I still remember the light breeze, the gurgle of flowing water, and that joyful sense of release. Tourists flock to the rock gardens of Ryoanji; I found my Zen behind a great sushi restaurant, against a stunning 12th floor view of southern Kyoto, amidst the hustle and bustle of an underground Starbucks. I refer, of course, to the delights of the sit-down toilet. Only after stumbling every morning to a porcelain bowl in the floor can you understand the genius of Western plumbing. For a month, my brother and I made daily pilgrimages to our favorite sites; they became “ours” in a sense that Nijo Castle and the Golden Pavilion never did. We went to Japan to help my brother find himself, but spent a month looking for sit-down toilets instead.
It was July, and my brother Isaac had a college application to write. If Tom Cruise could find his soul and the obligatory Asian chick in Japan, my brother should have no problem getting an essay topic. Alas, Isaac was interested in the girl, not the spiritual epiphany. I had planned our trip from Boston, preparing for an exotic land of kimonos and haikus; my brother packed his bags in Taiwan, thinking of schoolgirl uniforms and manga comics. Isaac won. As Last Samurai morphed into Lolita, even I became an accomplice. The best way to snap pictures of unsuspecting females is to position your frumpy sister in front of them. Schoolgirls on bikes, young mothers at the mall, Shinto priestesses on festival barges…and the sister can be erased with Photoshop™.
I was horrified. He was supposed to ponder the tension between East and West in modern Japan, the ever-present shadows of the past in sprawling Kyoto, the sense of both fascination and alienation in a foreign land or just how a clump of white sand is supposed to signify mankind’s insignificance in the cosmos. How was stalking Japanese women supposed to demonstrate his thoughtfulness, maturity, and fitness for acceptance to an Ivy League college?! Like hell!
But it was fun. We would sit in a Starbucks window and grade each girl that walked past. I discovered that my brother had terrible taste in women. When we did agree, I got a thrill out of getting our victim. On days the hormones ebbed, we would stand for hours browsing secondhand manga stores or actually visit some of those tourist attractions. Every morning was the first decision of the day: did we want croissants and a nice single-stall with a self-warming seat or donuts with a full row of toilets and automatic faucets? Often, we’d choose both: Isaac ate second meals like a hobbit, which doubled our food budget. I fretted about the money, yet went to bed smiling.
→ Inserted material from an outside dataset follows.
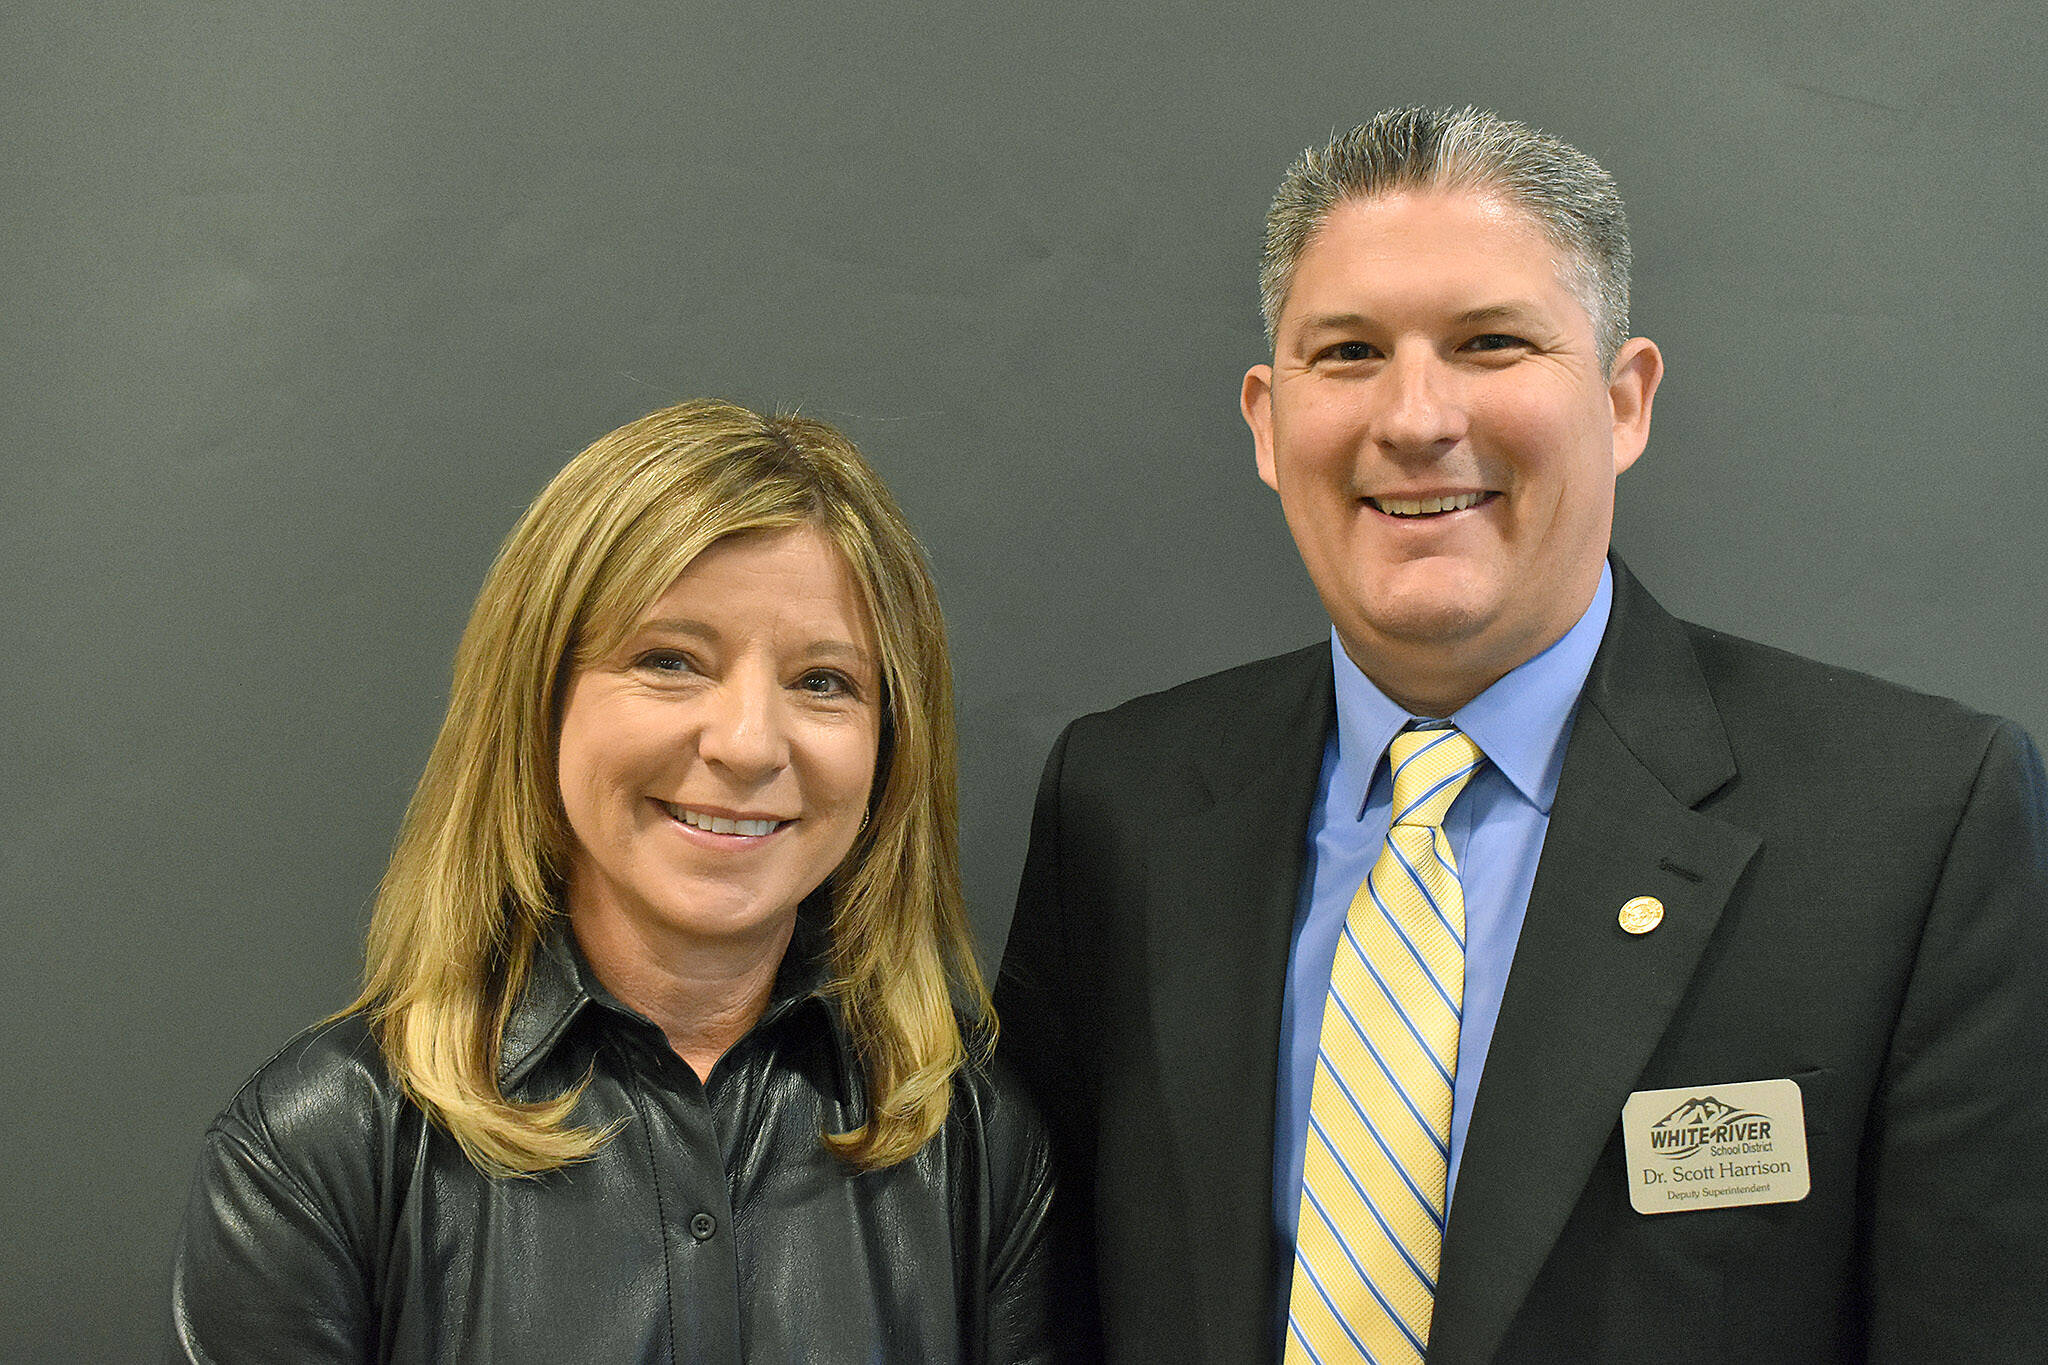 Photo by Alex Bruell
Janel Keating Hambly will be retiring from the role of White River School District superintendent after this school year, and current deputy superintendent Dr. Scott Harrison will be taking over.

After a year of college, I’d forgotten what Isaac was like. He wasn’t some pseudo-intellectual who wrote long papers on the philosophy of reflections in the art of the Japanese garden. My brother was a young man who liked short skirts, violent comics, and a second order of ramen. He also taught himself Japanese, gave up bus seats for ladies, and knew when my backpack was too heavy. We went to Japan so Isaac could find himself, but it was I who needed to find him. As July drew towards its end, we knew the best bathrooms in Kyoto, yet still didn’t have an essay topic. I, however, did get the epiphany: when it comes to family, sometimes you just have to flush your carefully laid plans down the drain.